Taking sumstats from here https://pubmed.ncbi.nlm.nih.gov/31604244/
Using Sup Table 7 (only autosomals) => 197 signals
Using PD GWAS hits from GWAS browser => Nalls et al 2019 https://pdgenetics.shinyapps.io/GWASBrowser/
cd /data/CARD/projects/MS_PD/
module load bedtools
cut -f 1-3 MS_GWAS.bed > MS_short.bed #plus remove header
cut -f 1-3 PD_GWAS.bed > PD_short.bed #plus remove header
bedtools window -w 500000 -a MS_short.bed -b PD_short.bed
MS-SIDE | PD SIDE | Distance (MS-PD)
1 154983036 154983036 > ZBTB7B area | 1 154898185 154898185 > GBA area | 84851
1 154983036 154983036 > ZBTB7B area | 1 155135036 155135036 > GBA area | -152000
1 154983036 154983036 > ZBTB7B area | 1 155205634 155205634 > GBA area | -222598
3 18798848 18798848 > SATB1 area | 3 18361759 18361759 => SATB1 area | 437089
3 121765368 121765368 > CD86 | 3 122196892 122196892 => KPNA1 area | -431524
3 121783015 121783015 > CD86 | 3 122196892 122196892 => KPNA1 area | -413877
5 133891282 133891282 > JADE2 | 5 134199105 134199105 => C5orf24 area | -307823
12 123604053 123604053 > PITPNM2 | 12 123326598 123326598 => HIP1R area | 277455
14 88523488 88523488 > LINC01146 | 14 88464264 88464264 => GALC area | 59224
17 40529835 40529835 > STAT3 | 17 40741013 40741013 => RETREG3 area | -211178
17 43407670 43407670 > MAP3K14 | 17 43744203 43744203 => MAPT area | -336533
17 43407670 43407670 > MAP3K14 | 17 43798308 43798308 => MAPT area | -390638
# LD link comparison MS + PD => R2 = XX D' = XX
--chr 1 region ZBTB7B:
rs112344141 + rs114138760 => R2 = 0.0006 D' = 0.0454
rs112344141 + rs35749011 => R2 = 0.0009 D' = 1.0 # warning low freq variant
rs112344141 + rs76763715 => R2 = 0.0001 D' = 1.0 # warning low freq variant
--chr 3 region SATB1 :
rs9863496 + rs73038319 => R2 = 0.0154 D' = 0.3911
--chr 3 region CD86 :
rs200866143 + rs55961674 => R2 = XX D' = XX # rs200866143 not in 1K genomes
rs75937181 + rs55961674 => R2 = 0.002 D' = 0.0634
--chr 5 region JADE2 :
rs2084007 + rs11950533 => R2 = 0.1159 D' = 0.8675
--chr 12 region PITPNM2 :
rs7975763 + rs10847864 => R2 = 0.0294 D' = 0.4562
--chr 14 region LINC01146 :
rs116899835 + rs979812 => R2 = 0.0669 D' = 0.9654
--chr 17 region STAT3 :
rs1026916 + rs12951632 => R2 = 0.0849 D' = 0.3681
--chr 17 region MAP3K14 :
rs7222450 + rs62053943 => R2 = 0.0011 D' = 0.0777
rs7222450 + rs117615688 => R2 = 0.0142 D' = 0.4597
# nothing really convincing to be honest....

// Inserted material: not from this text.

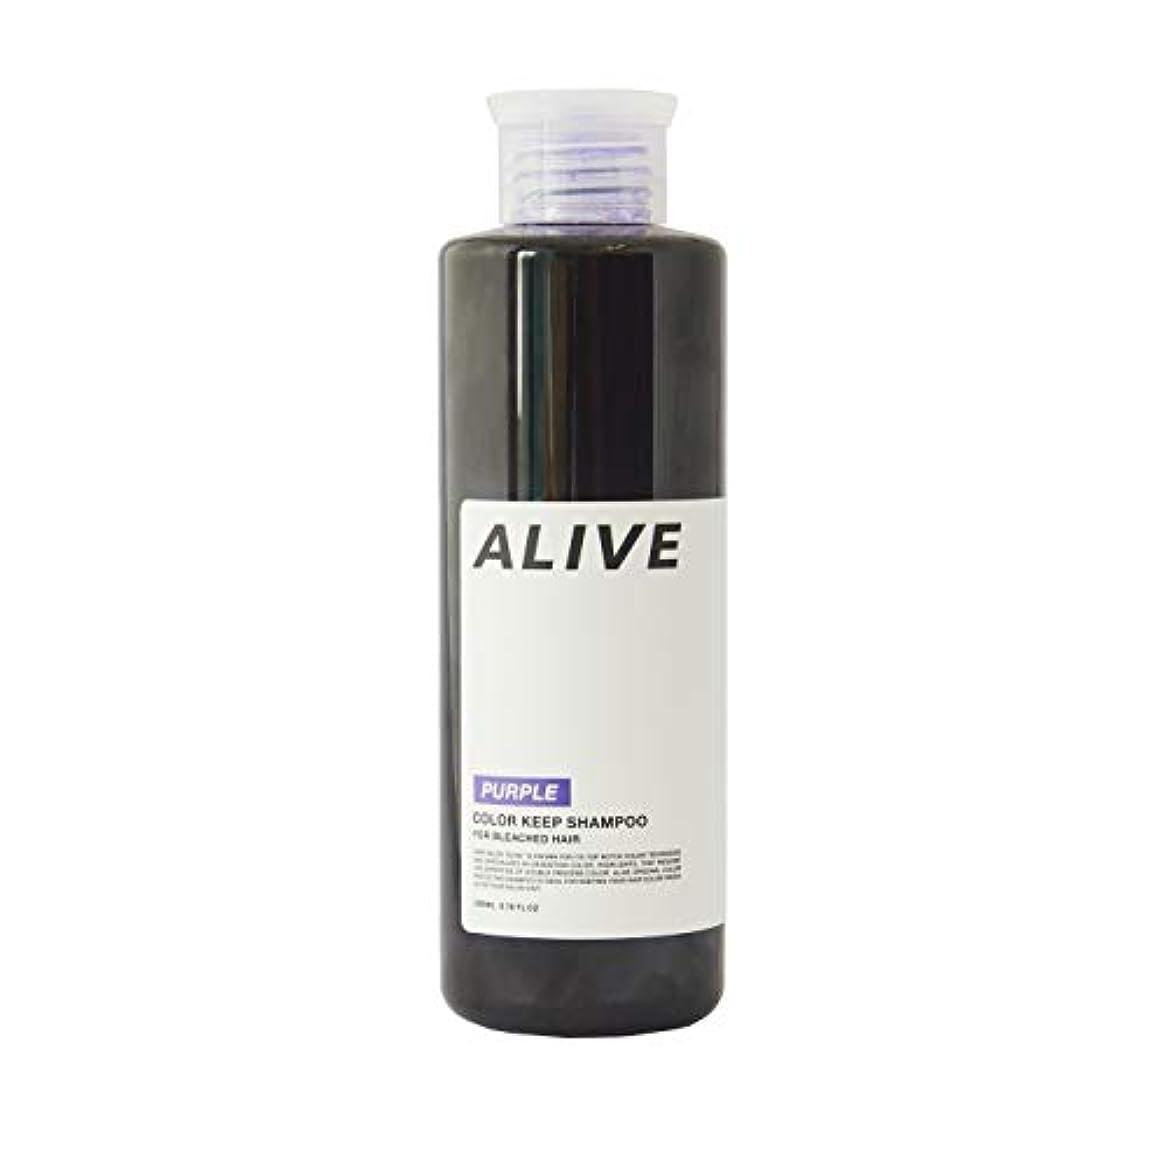 今までグレー熟すALIVE アライブ カラーシャンプー 極濃 紫シャンプー 200ml ムラサキ パープル ムラシャン ムラサキシャンプー

Also a correlation between P-values using locus-compare => http://www.locuscompare.com/
cd /data/CARD/projects/MS_PD/
MS: using stats => discovery_metav3.0.meta.gz
stats from here => https://pubmed.ncbi.nlm.nih.gov/31604244/ data obtained from https://imsgc.net/
PD: using stats => /data/CARD/PD/summary_stats/resultsForSmr_filtered.tab.gz
stats from here => https://pubmed.ncbi.nlm.nih.gov/31701892/ using data plus 23andMe and UK Biobank
need format:
rsid pval
rs6933892 0.243779
rs6934084 0.239798
rs210910 0.193318
# GALC area only...
14 86000000 90000000 => GALC area
awk '{ if($2 >= 86000000) { print }}' pos_cut.txt | head
## MS GALC only...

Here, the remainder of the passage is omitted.